The course’s final project had students put all these folklore research skills to use. They each prepared museum exhibits investigating a unique aspect of contemporary life in the Ozarks based on collected fieldwork and contextualized with archival texts. The range of topics underscored the breadth of folkways and richness of Ozark life today.
Elizabeth Gunderman, an honors African and African American studies and political science major from Fayetteville, Arkansas, presented on Ozark water witching, also known as dowsing, the practice of finding underground water using a stick or Witch Hazel branch. Gunderman learned more about the practice from her grandmother and highlighted the practice’s historical and ongoing importance to farmers in local Ozark communities.

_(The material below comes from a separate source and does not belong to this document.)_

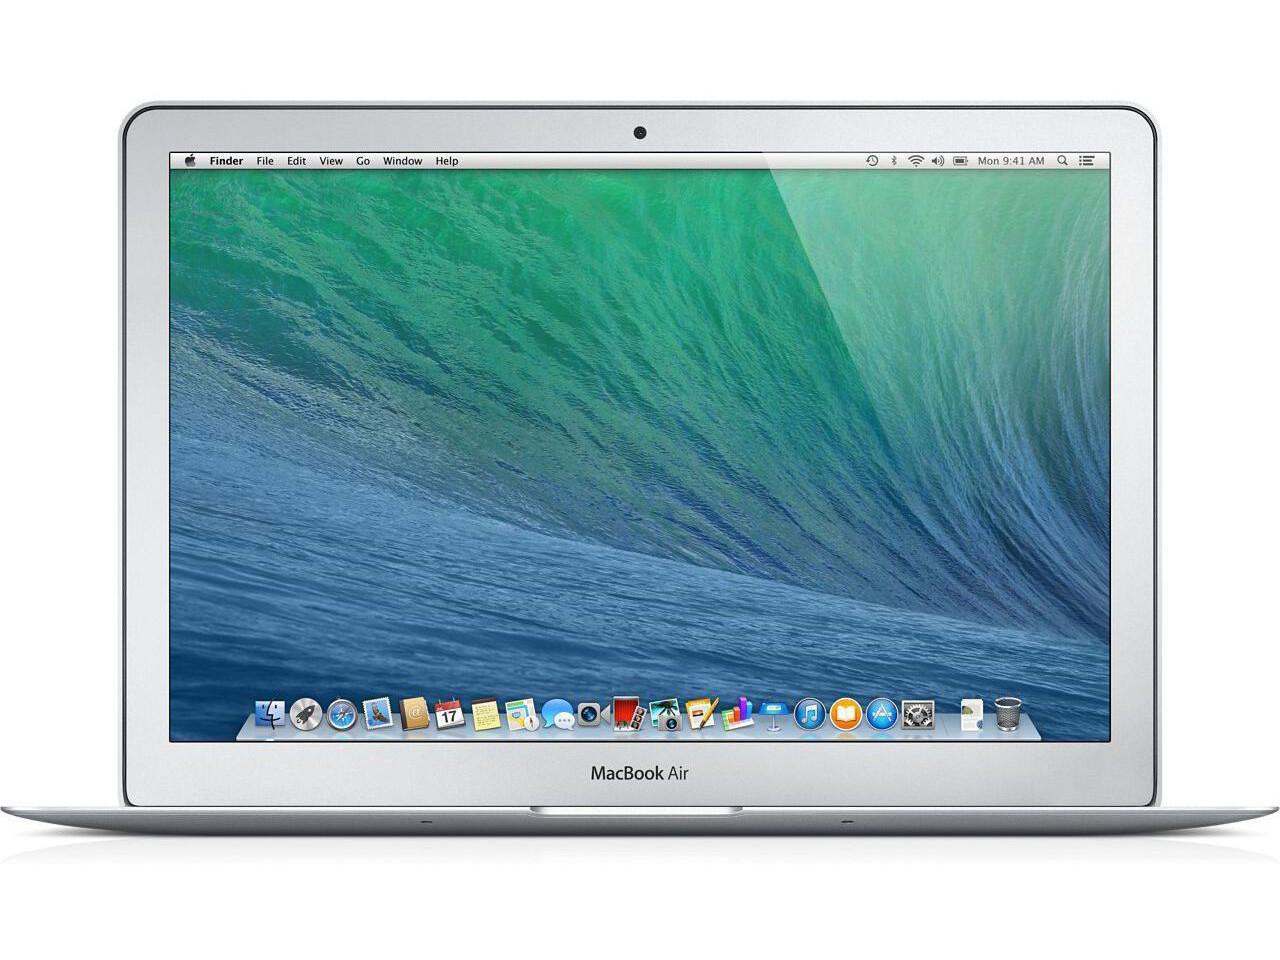 macbook air 13 inch 2013 silver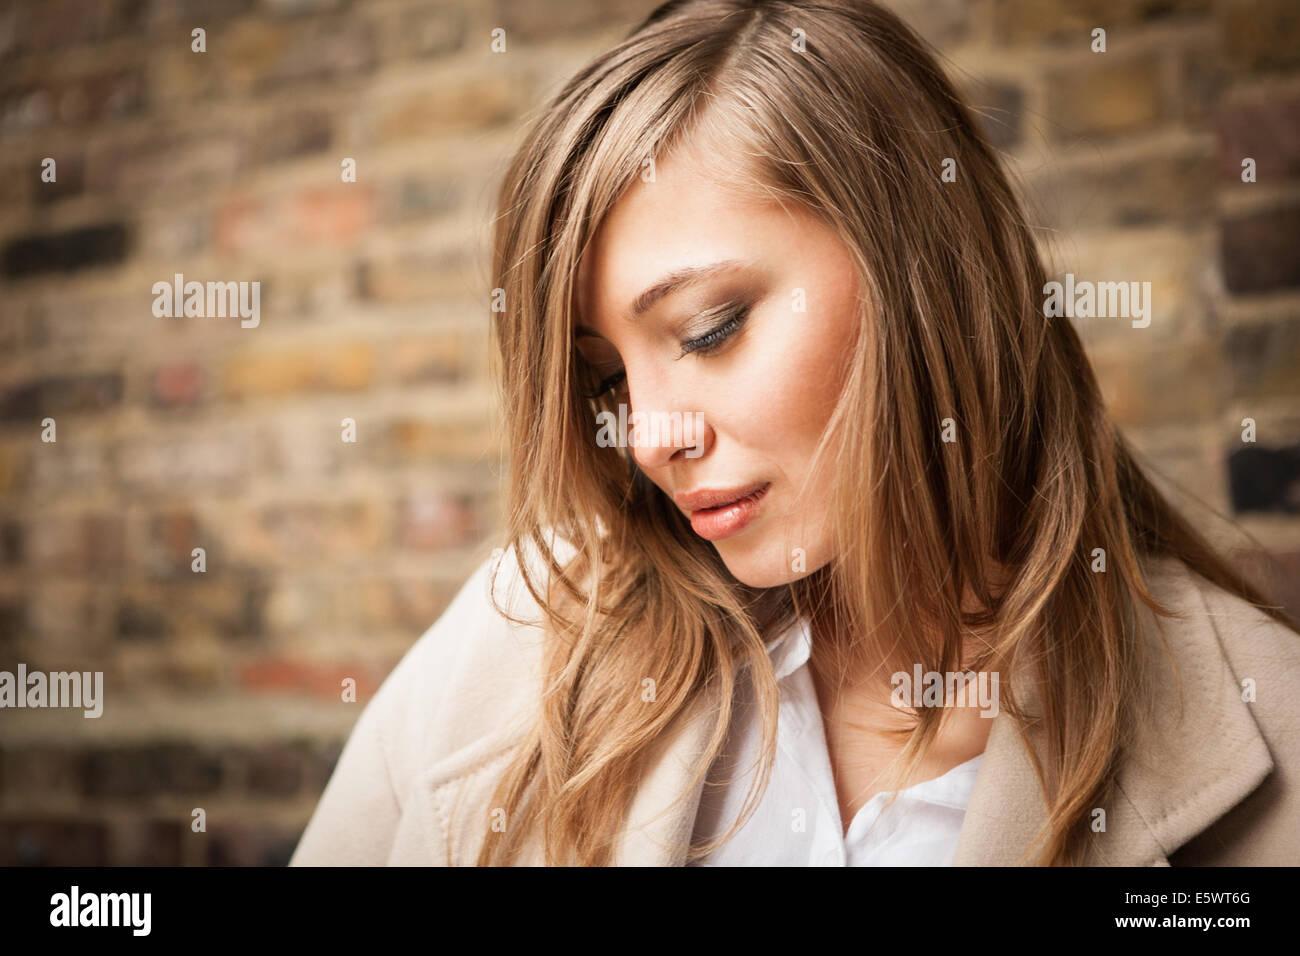 Femme avec les yeux baissés, mur de brique en arrière-plan Photo Stock

Thomas Medford, an honors history major from Conway, Arkansas, constructed a personal history of Bonnie Villines, whose homestead in Boxley Valley was ceded to the Park Service for the creation of the Buffalo National River. Focusing in on Villines’ love of quilting and new life away from the river, Medford hopes to exemplify an Ozarker in time and the people behind a changing landscape.
A group of Arkansans pose by a river. A man in the back holds dowsing rods, used in a practice called water witching to find water sources.
A photograph of a stream in Boxley Valley taken by the National Park Service in the early 1980s.
An exterior photograph of the Villines Mill in Boxley Valley taken in the mid-1900s.